● **DATA PROVIDED**:
● ● ● ●

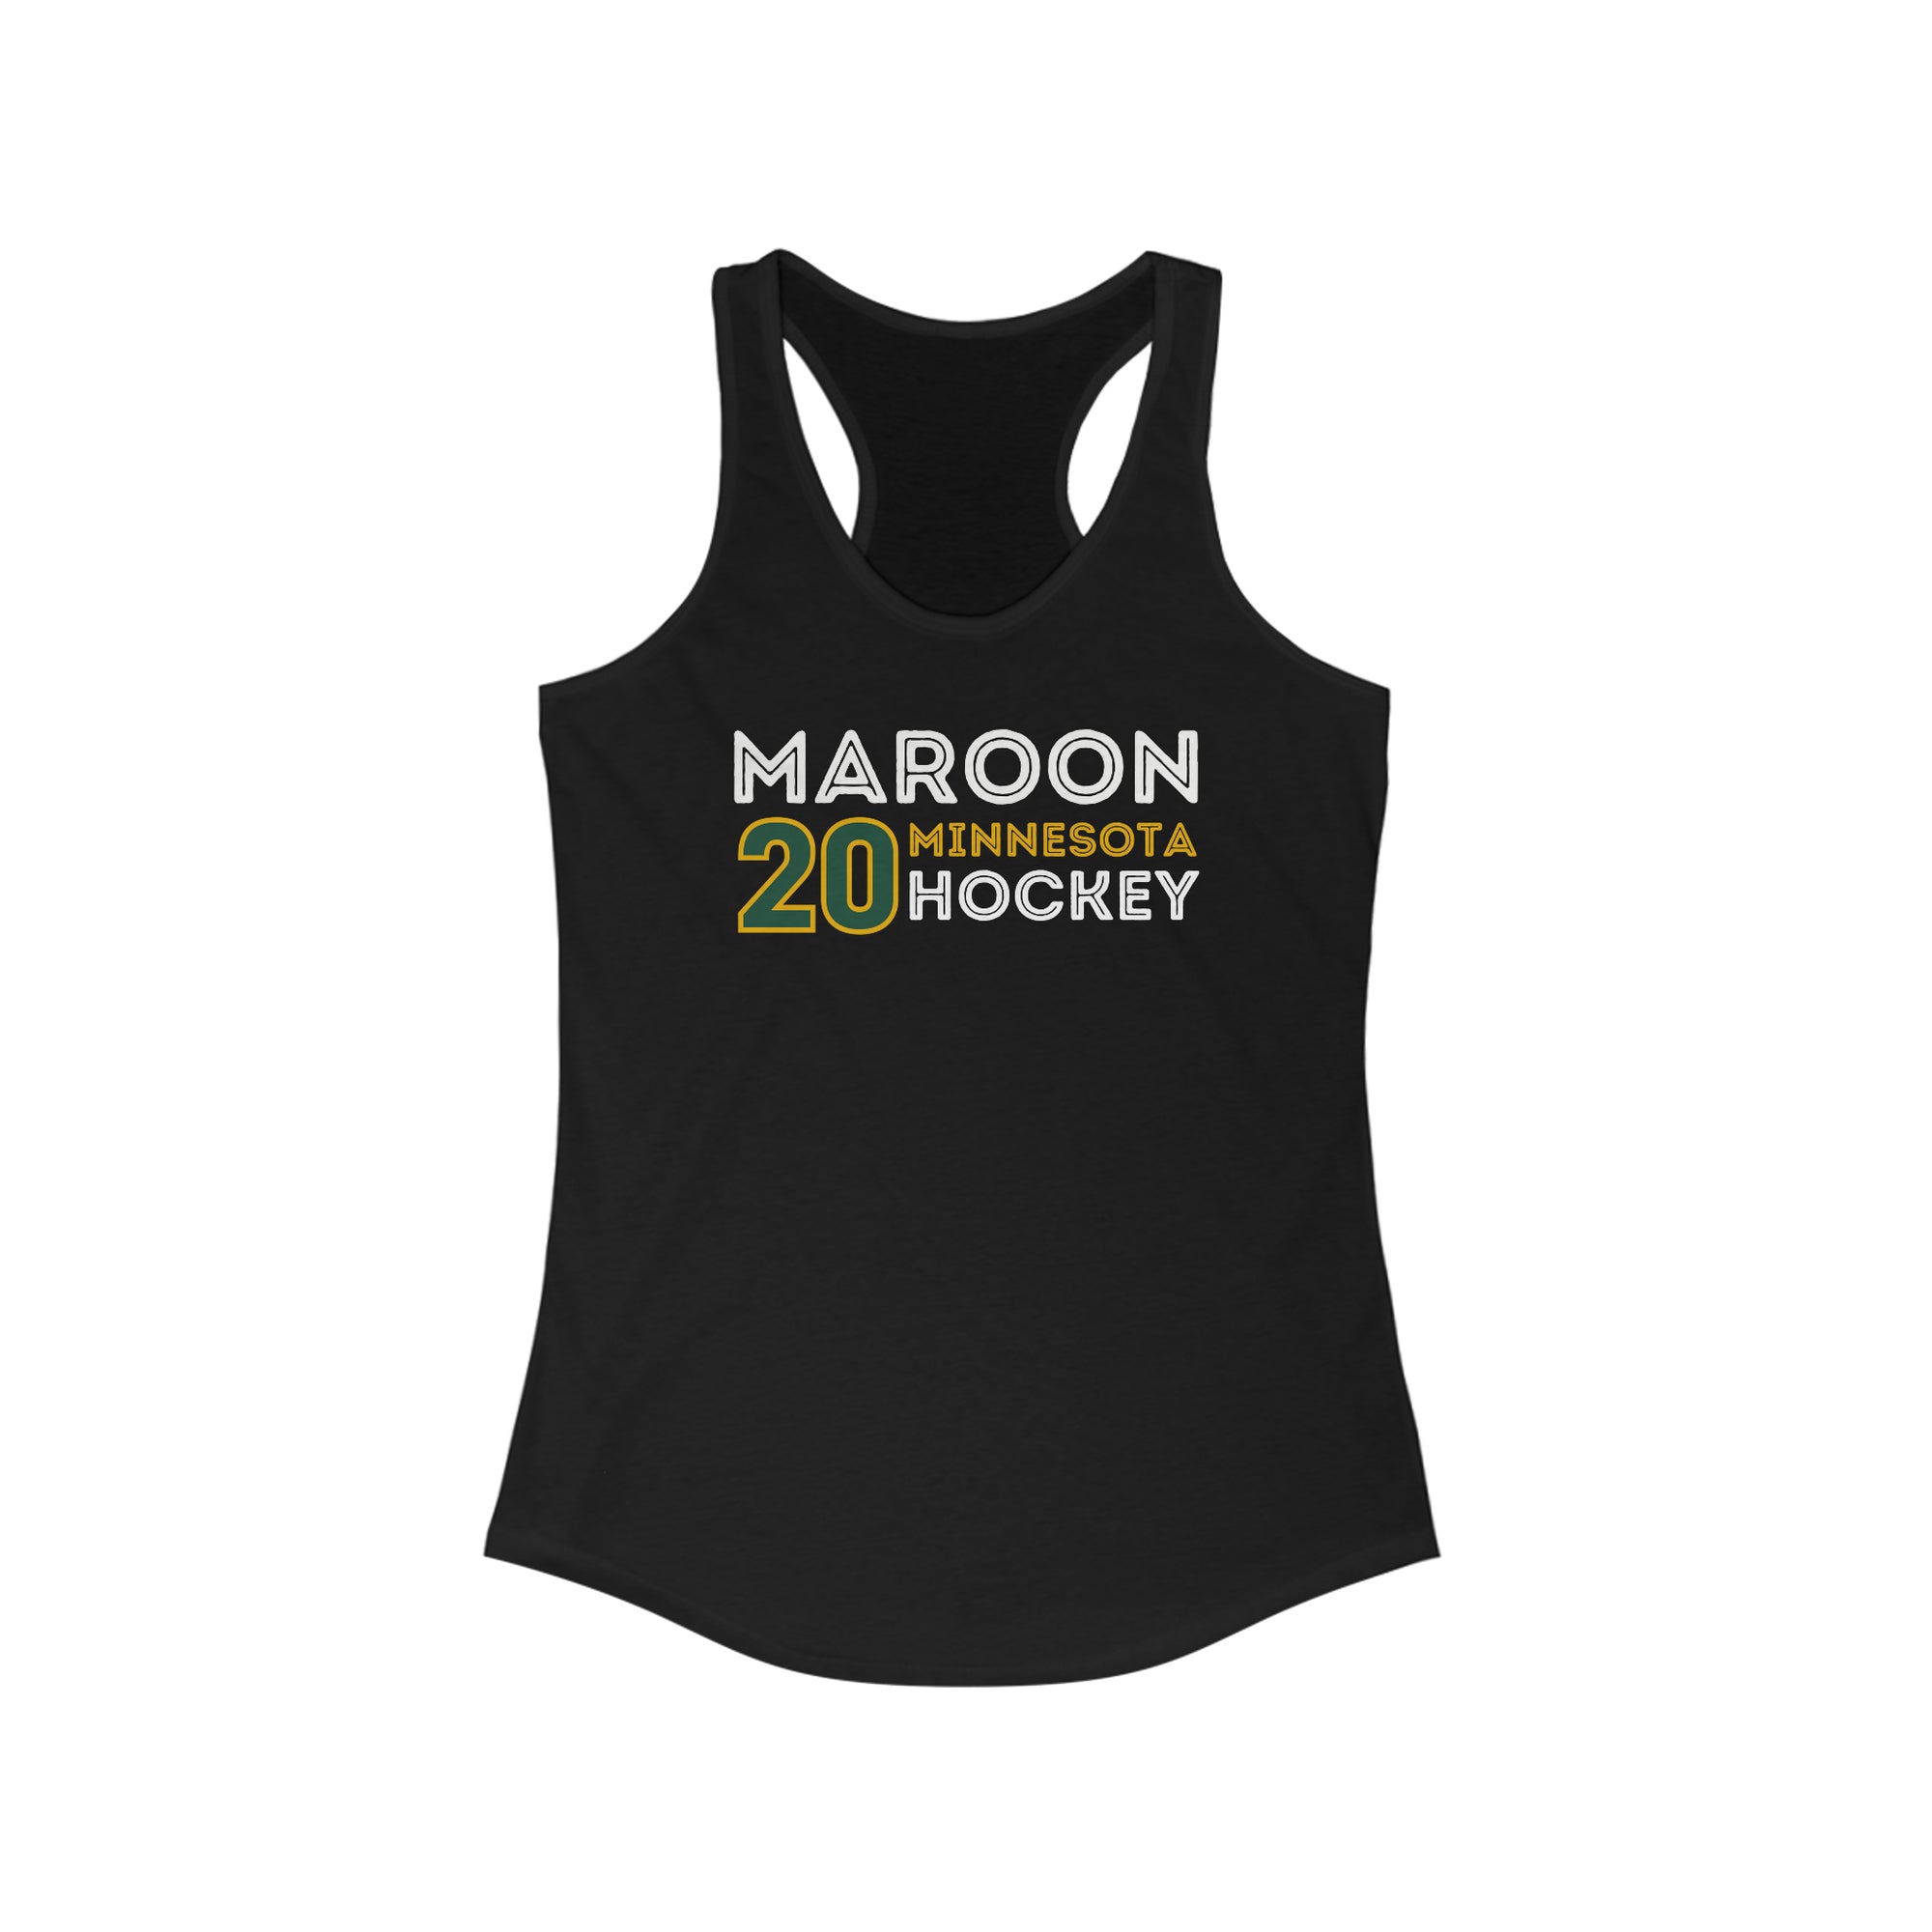 Maroon 20 Minnesota Hockey Grafitti Wall Design Women's Ideal Racerback Tank Top
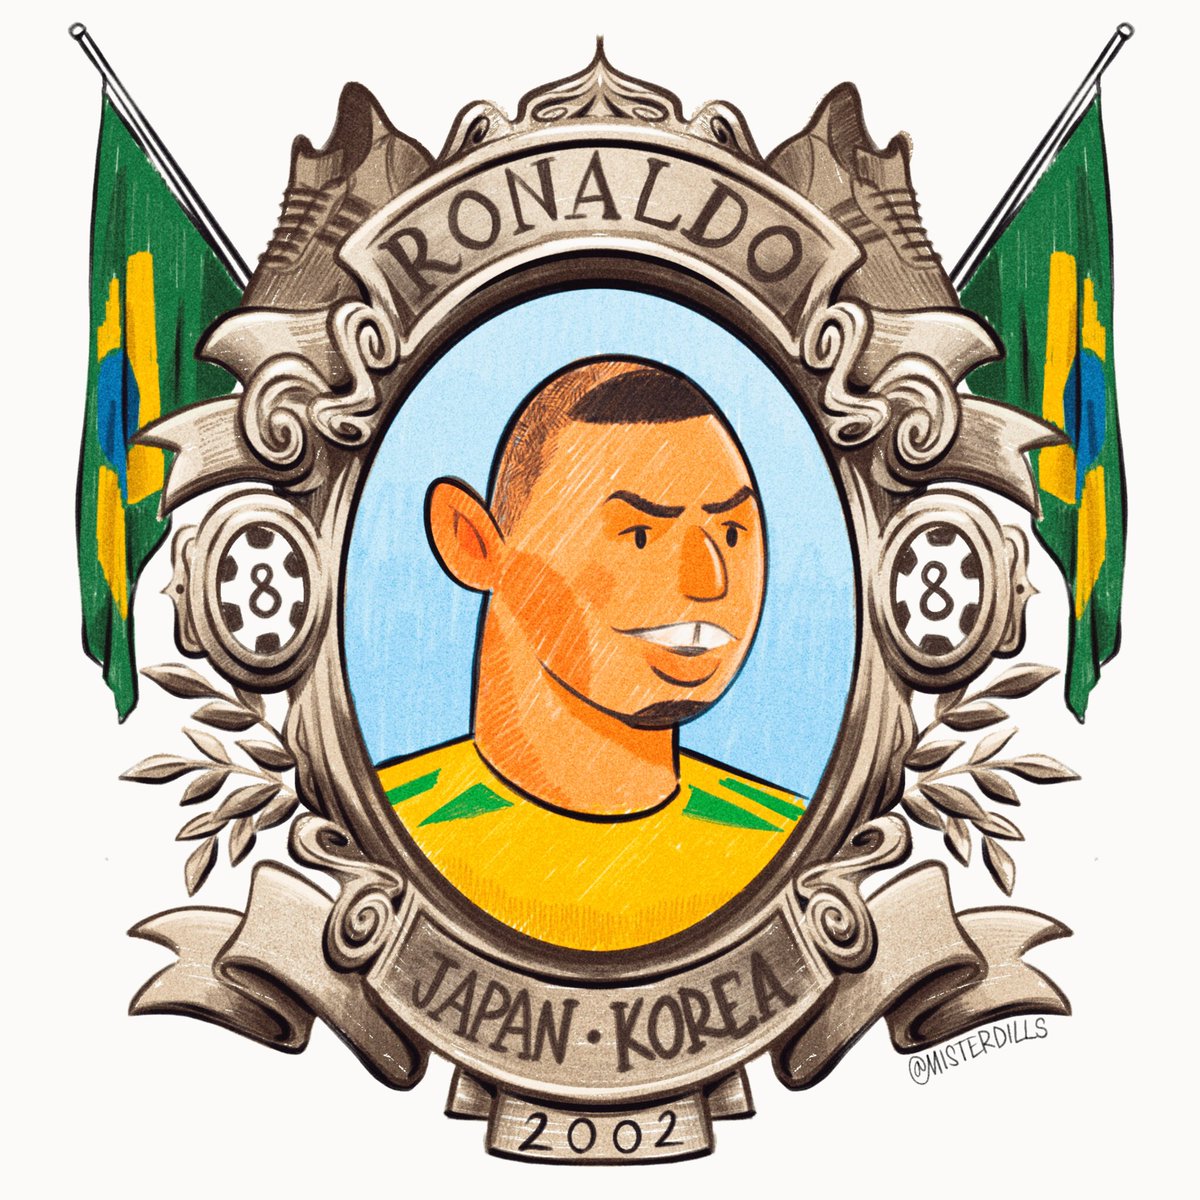 R9 🐐 
#ronaldo #worldcup #goldenboot

● ● ● ●

● **EXERCISE OBJECTIVE**:
Excluding all images, transcribe the material word for word.

● **RESPONSE BOX**:
 Maroon 20 Minnesota Hockey Grafitti Wall Design Women's Ideal Racerback Tank Top
 R9 🐐 
#ronaldo #worldcup #goldenboot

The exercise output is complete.